Provided data.

****

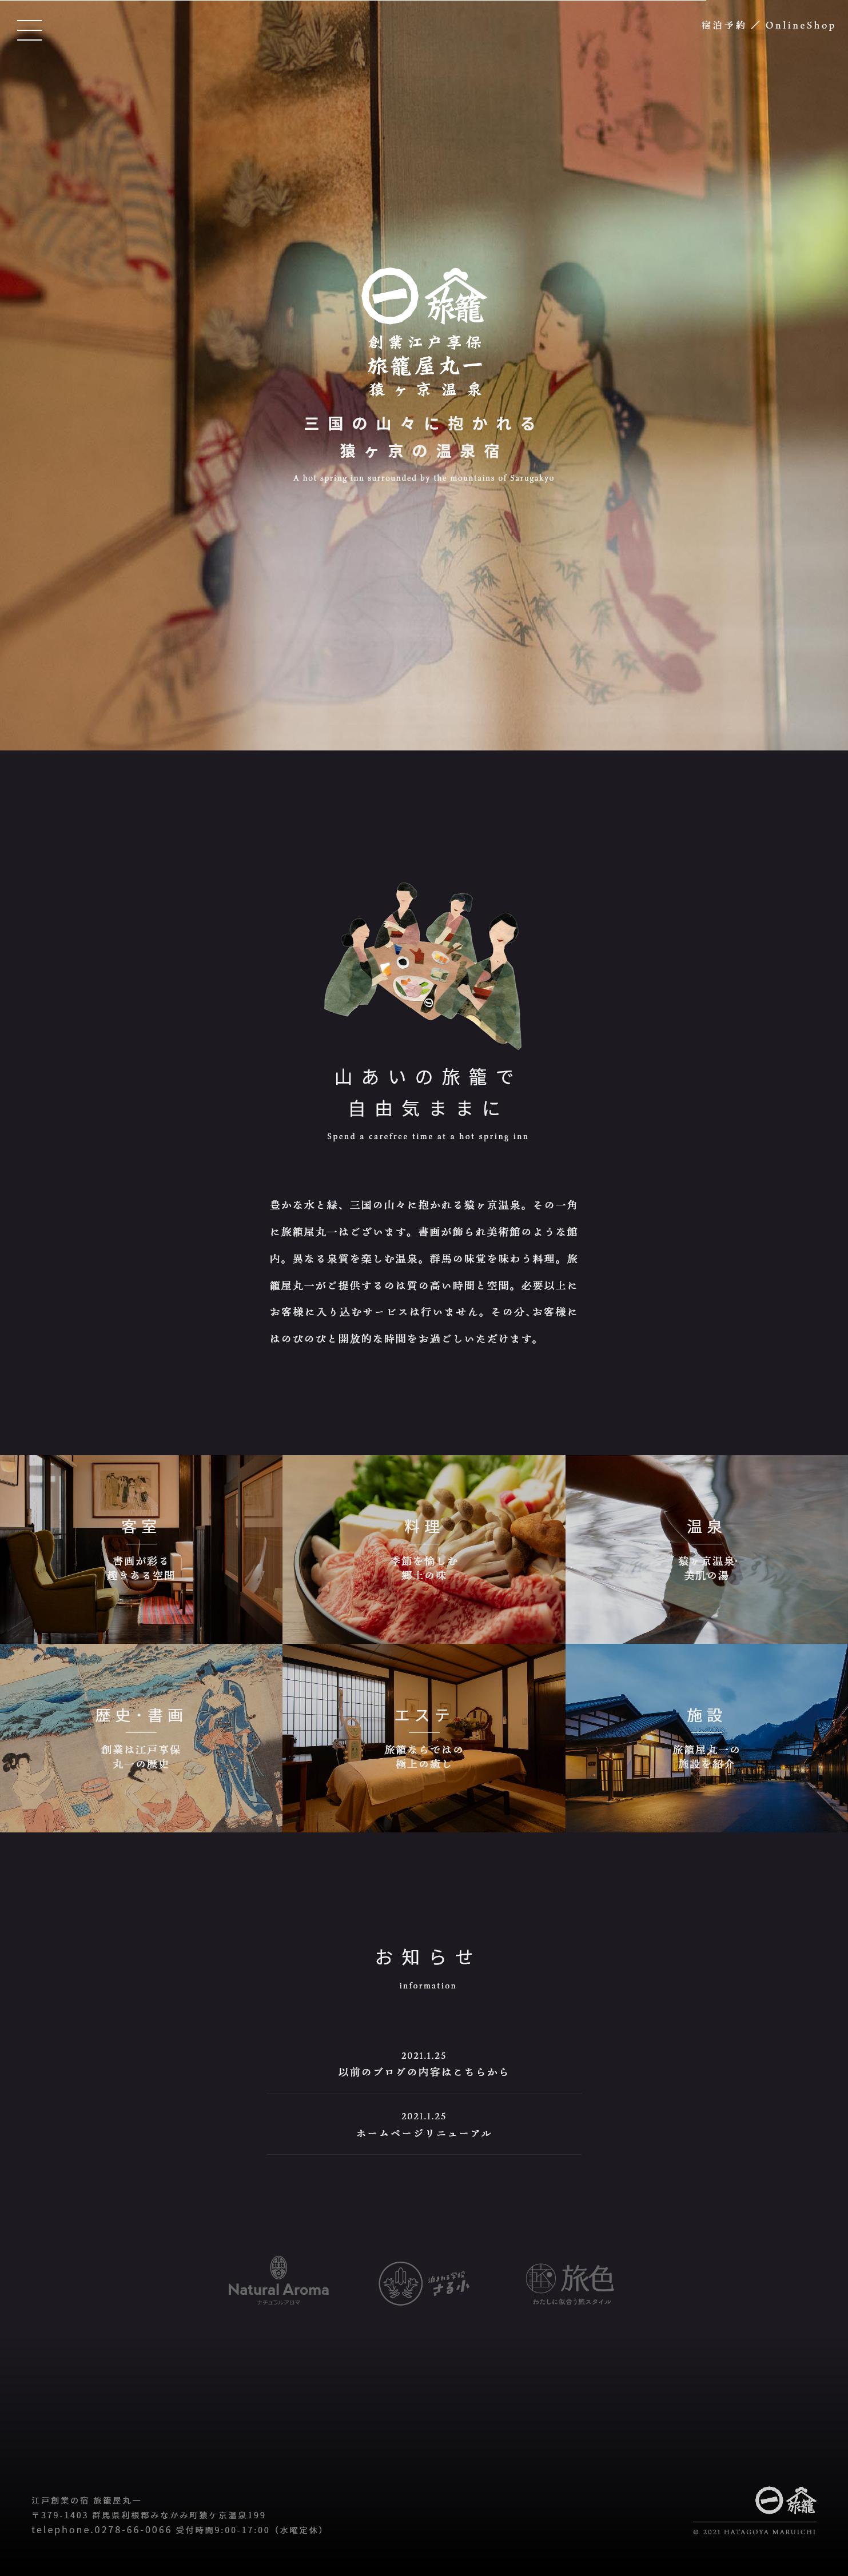 猿ヶ京温泉 旅籠屋丸一様 ホームページ
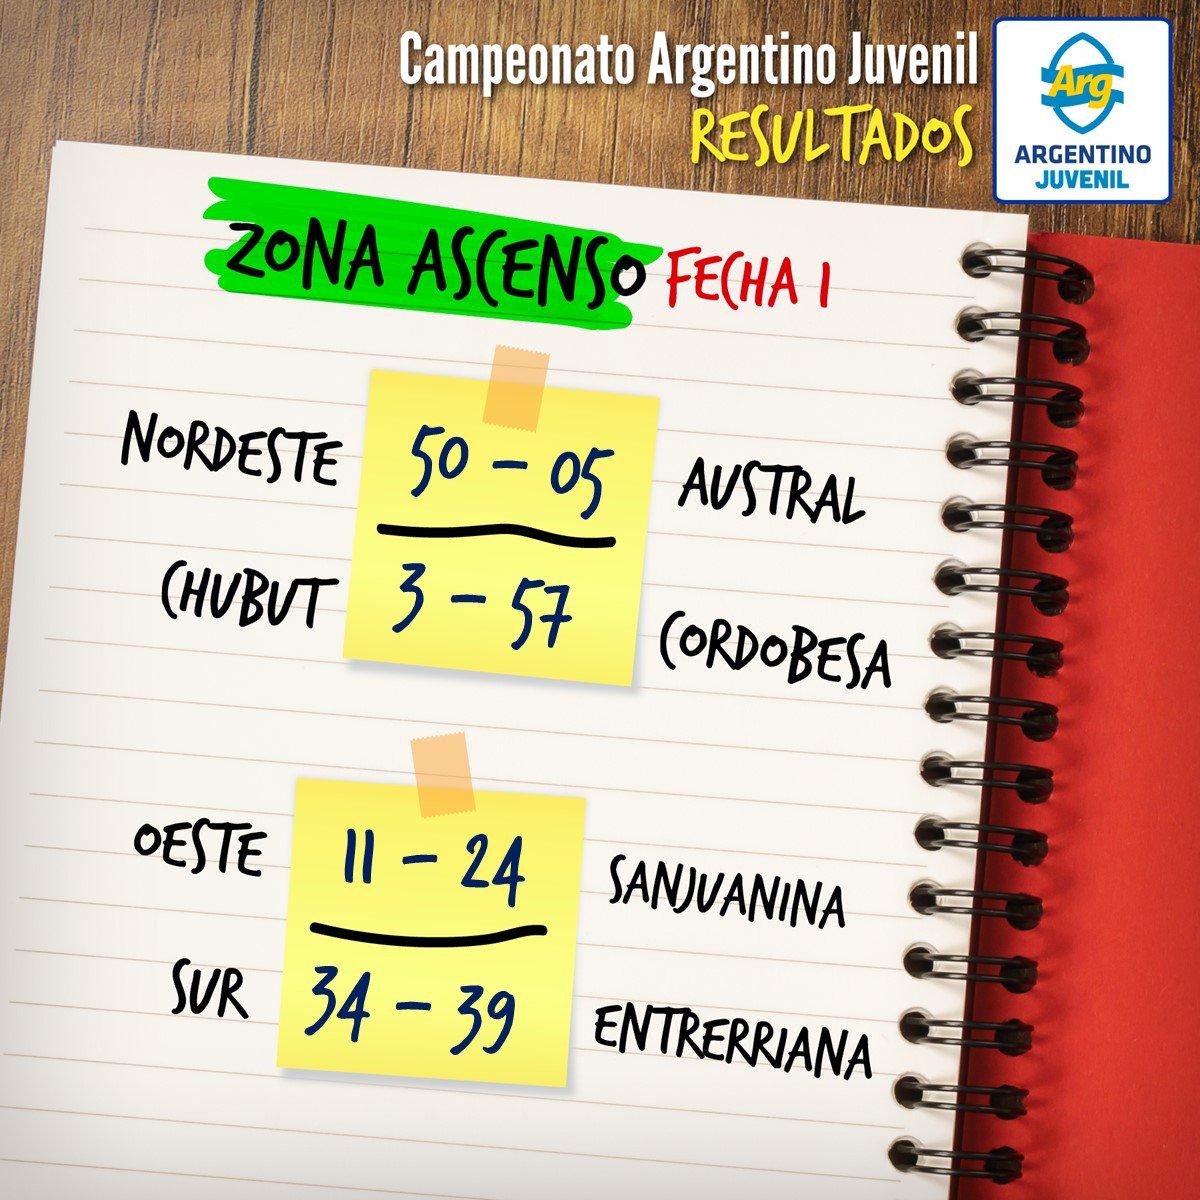 Fecha 1: resultados Zona Ascenso #ArgentinoJuvenilM18 #JugamosTodos
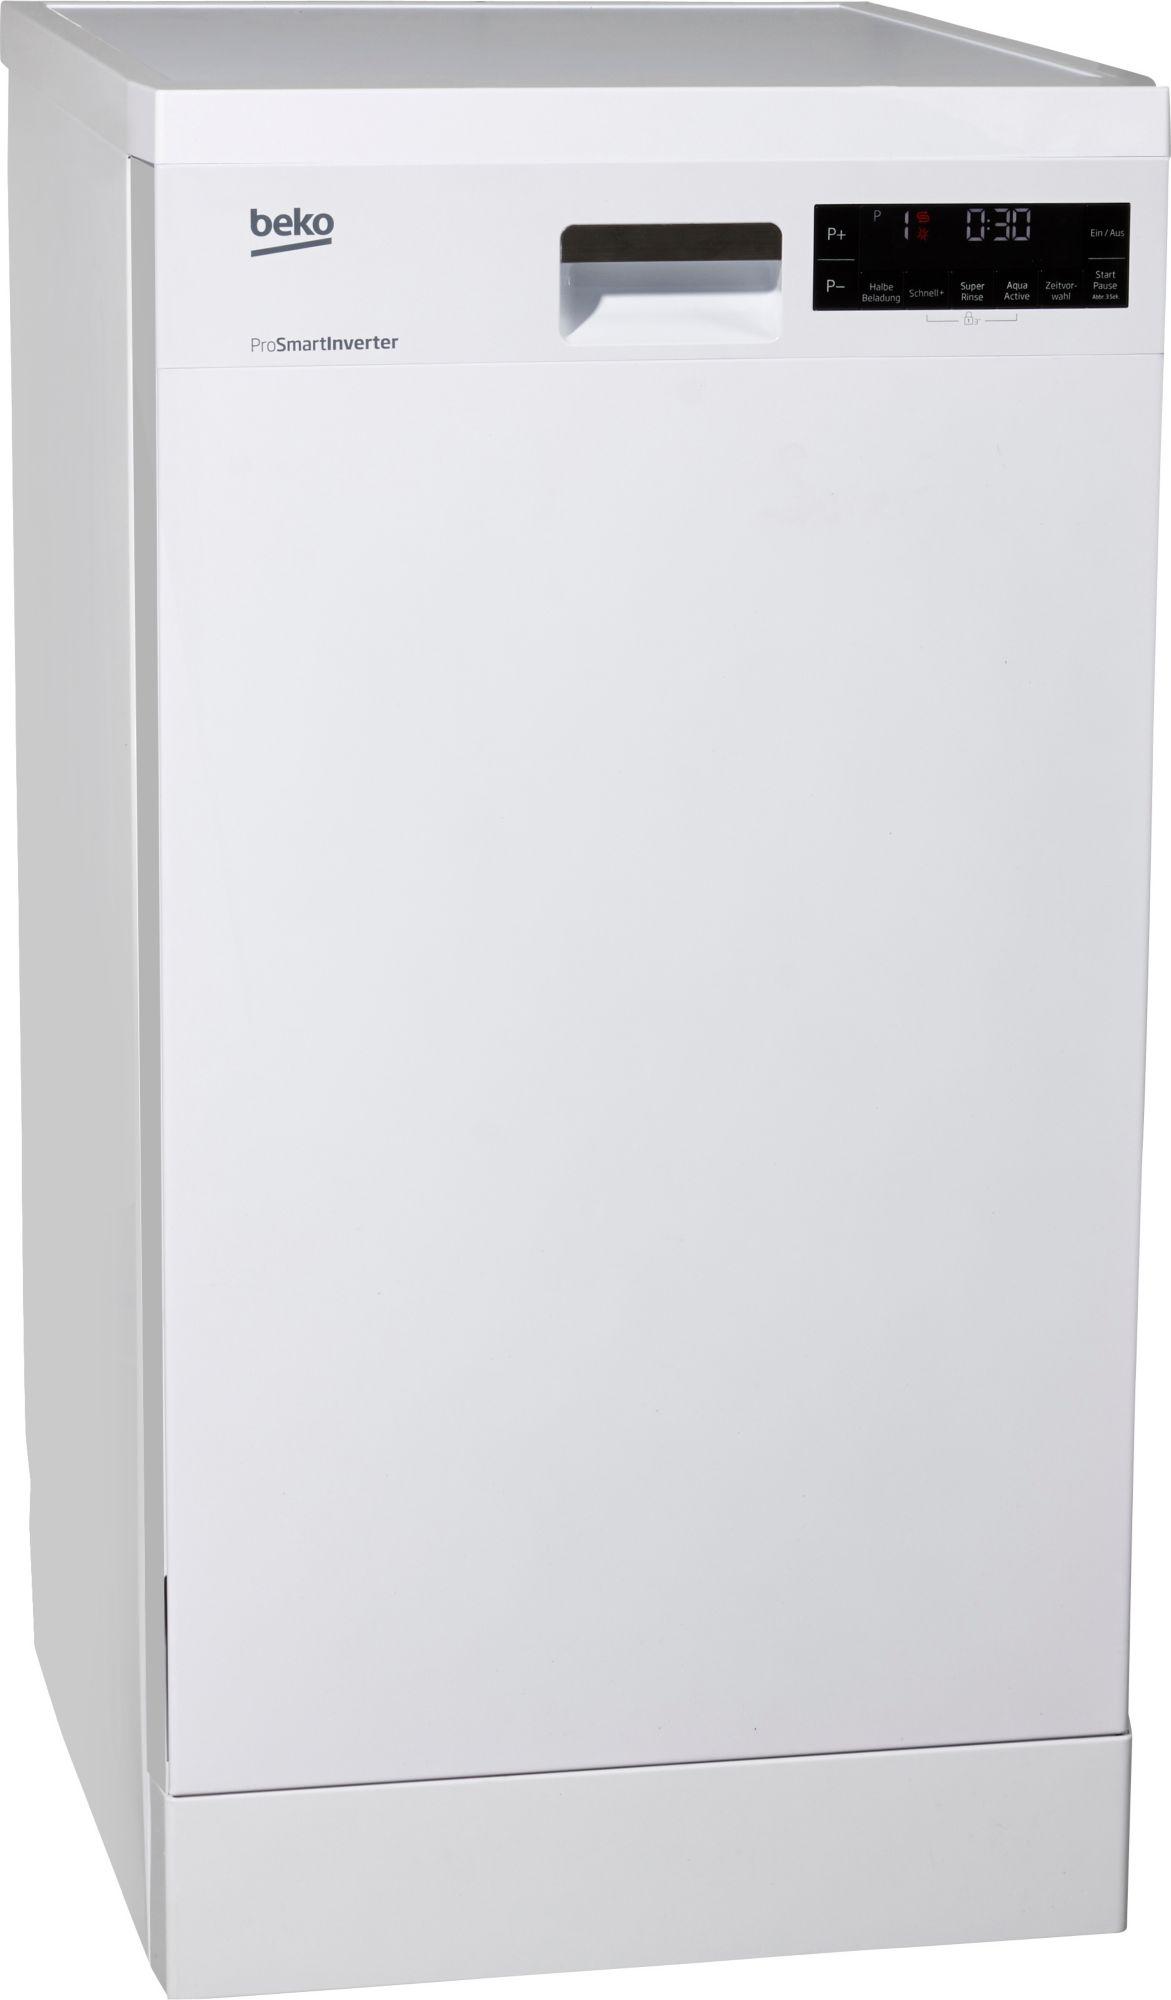 Beko Geschirrspüler DFS28020W, Energieklasse A++, 10  ~ Geschirrspülmaschine Größen
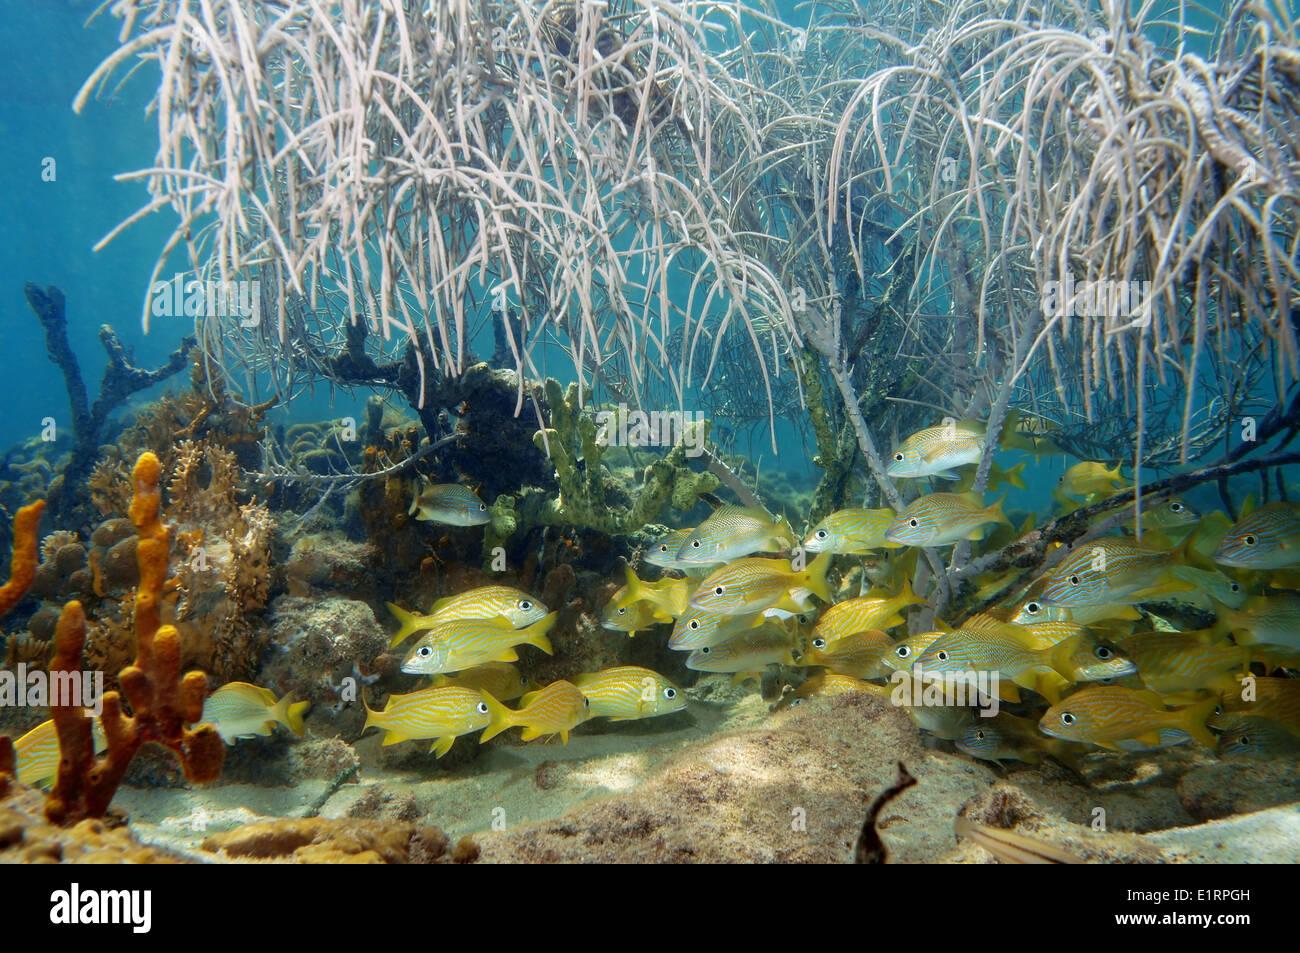 Un banc de poissons sous la mer grunt gorgones panache dans un récif de corail, de l'océan Atlantique Photo Stock
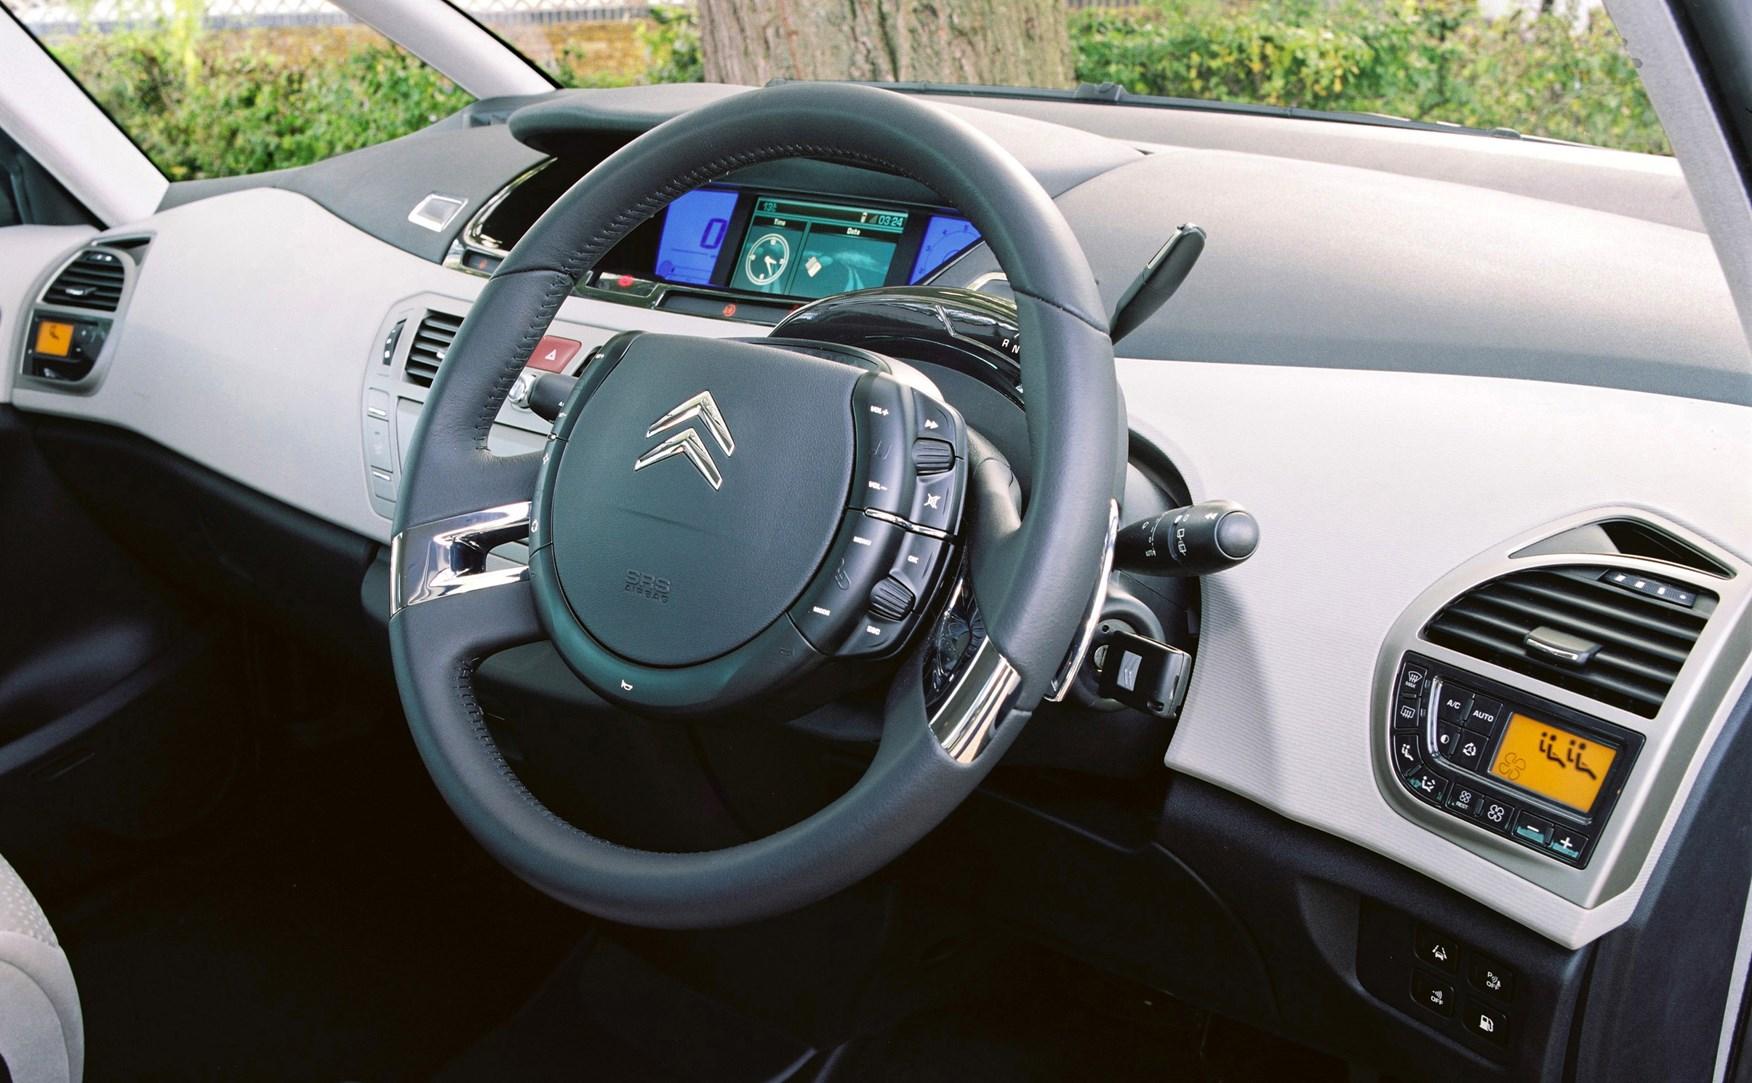 Best 7 Seater Cars >> Citroën C4 Picasso Estate (2007 - 2013) Photos | Parkers

****

Activity. Please return only the lines running from the line with "Un banc de poissons" to the final line of the data, both included, exactly and without any pictures.

Answer area.
 Un banc de poissons sous la mer grunt gorgones panache dans un récif de corail, de l'océan Atlantique Photo Stock
 Best 7 Seater Cars >> Citroën C4 Picasso Estate (2007 - 2013) Photos | Parkers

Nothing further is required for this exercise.